Alcune tecnologie operano a supporto delle persone e delle loro attività all’interno del processo produttivo. Penso ai cobot, per esempio. Lo stesso Cluster, nell’ultimo report dedicato a produzione e resilienza, in epoca post Covid-19, ha sottolineato l’importanza che l’impiego dei robot collaborativi venga sostenuto come strumento per garantire il distanziamento sociale richiesto anche in fase 2 e in fase 3 post-Covid. Tale utilizzo “dovrebbe essere supportato da specifiche azioni di ricerca e innovazione lungo alcune direttrici che consentono di sfruttare appieno le potenzialità di queste tecnologie”. Dal punto di vista dei dati, invece, la sensoristica distribuita e la capacità computazionale crea una mole di informazioni non più gestibili dalla mente umana. La tecnologia fornisce un fondamentale aiuto nella gestione dei dati, dando la possibilità di farlo in maniera intelligente. Solo che, essendo il processo produttivo assai dinamico, c’è bisogno di un sistema di gestione altrettanto dinamico. Ed è qui che l’Artificial Intelligence ha un ruolo fondamentale perché in grado di adattarsi, rimodulando il proprio intervento a seconda del contesto in cui è attiva.
Le Pmi italiane pagano le bollette più “salate” d’Europa. La digitalizzazione come può essere d’aiuto per l’efficienza energetica e produttiva?
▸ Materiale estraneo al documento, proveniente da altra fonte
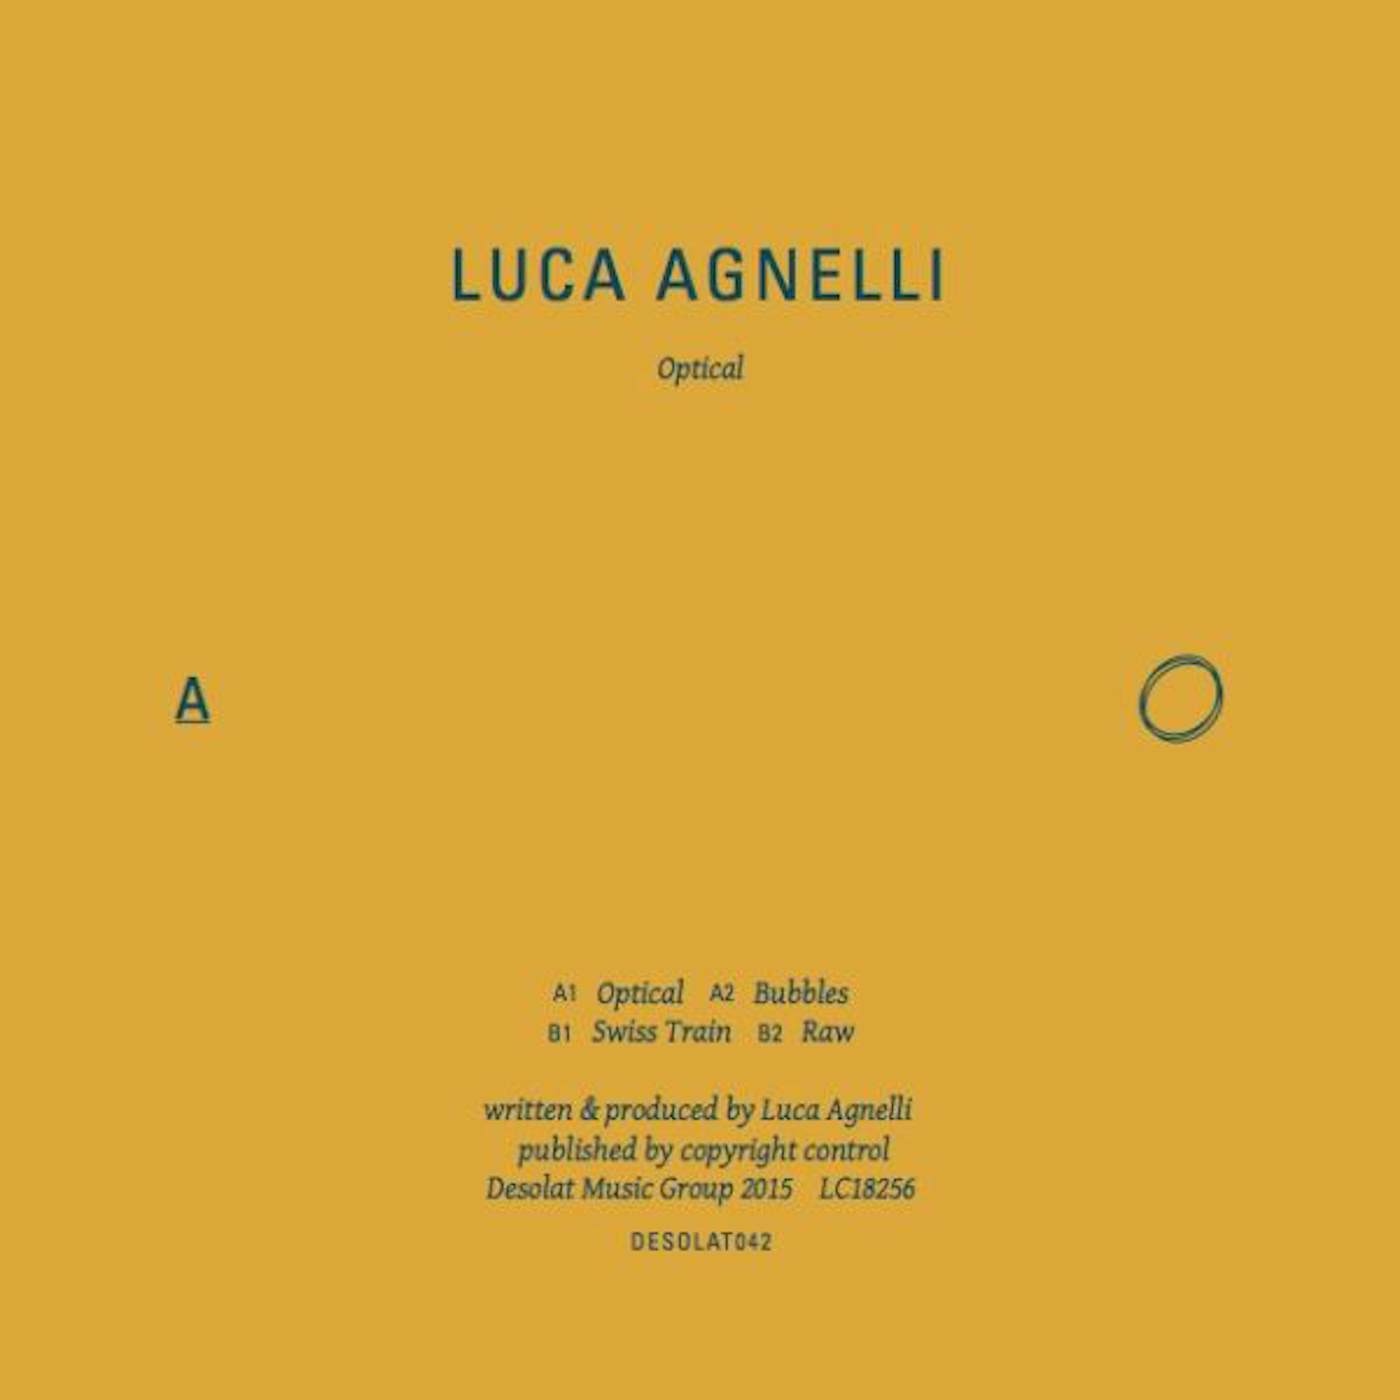 Luca Agnelli Optical Vinyl Record

Anche sul capitolo energia, digitalizzazione e innovazione tecnologica possono aiutare a ridurre i costi delle bollette che pagano le Pmi italiane, tra le più alte in Europa. Il processo produttivo brucia risorse (materiali ed energetiche). L’unico sistema che permette una gestione ottimale di entrambe in maniera intelligente ed efficiente richiede sensori capaci di apprendere il comportamento presente e prevedere quello futuro, e la possibilità di analisi in grado di ottimizzare il tutto a seconda dei programmi di produzione, tenendo conto delle esigenze oggettive di risorse. Cosa può rendere possibile, in tal senso, una gestione ottimale e in tempi rapidi? Un sistema d’intelligenza artificiale.
Manifattura e Industria 4.0: come agisce Cluster Fabbrica Intelligente?
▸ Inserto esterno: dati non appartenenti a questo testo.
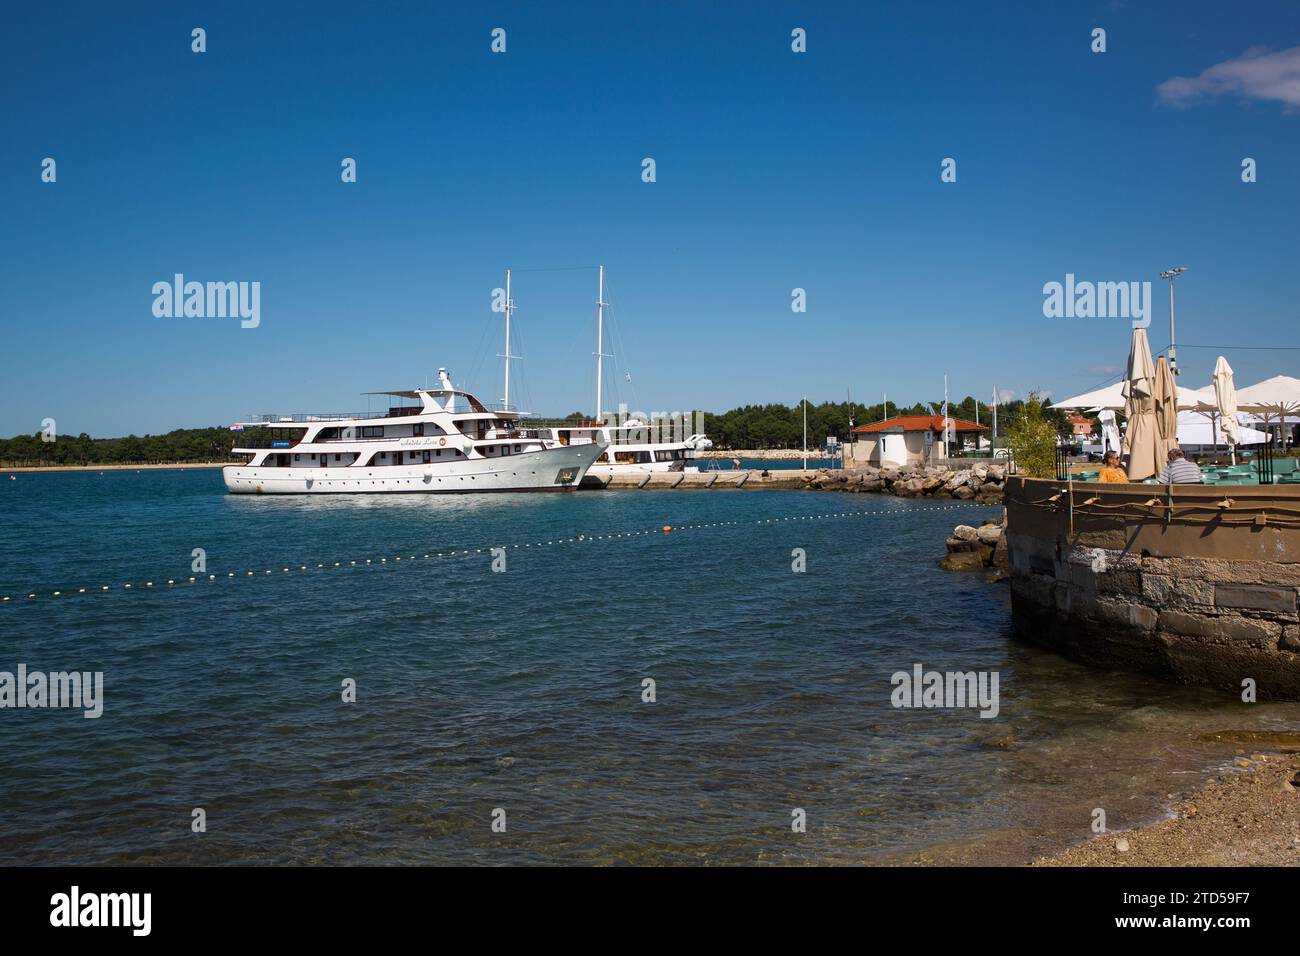 Boat, People, Seaside Restaurant, Old Town,Novigrad, Croatia Stock Photo

Per comprendere la sfida immane occorre partire dal contesto in cui agisce la manifattura: qualunque oggetto noi abbiamo intorno è stato costruito, a livello artigianale o industriale. Le tecnologie intervengono nel processo manifatturiero in due modi: da una parte direttamente nel processo produttivo e di trasformazione; dall’altro permettono al processo di produzione di “comunicare” con l’ecosistema aziendale ed esterno (filiera e clienti). Ed è qui che entra in gioco il CFI. Come detto, è una sorta di animatore di una community, ma questa animazione è biunivoca: perché, dall’altra parte, si vogliono e si devono ascoltare le istanze aziendali sulle priorità tecnologiche cui puntare. Questo lavoro di raccolta informazioni viene coordinato attraverso una roadmap che viene pubblicata ogni 7 anni (la prossima uscirà nel gennaio 2021) e che assomma queste priorità. L’obiettivo è raccogliere i trend tecnologici in corso nel mondo e riportarli alle nostre aziende e gruppi di ricerca. Lo fa attraverso 7 steering committee strutturati per linee di intervento.
Quali sono le prospettive delle aziende al 2030 e 2050? Si trasformeranno in smart factory?
Da qui al 2030 prevedo una fabbrica sempre più sul modello smart factory, ossia molto più capace di gestire i dati e di essere gestibile mediante gli stessi. Nel 2050 la prospettiva auspicabile è pensare a un’impresa capace di implementare l’economia circolare, il cui processo cioè sia al tempo stesso intelligente e circolare. Inoltre, l’industria 4.0 che verrà la auspico come un sistema dove le persone sono al centro, in quanto hanno la capacità di esprimere il fabbisogno cui il sistema manifatturiero deve dare risposta. Prevedo, infine, che tutta la parte più materiale e relativa al processo di trasformazione sarà sempre più nelle mani delle macchine e della AI.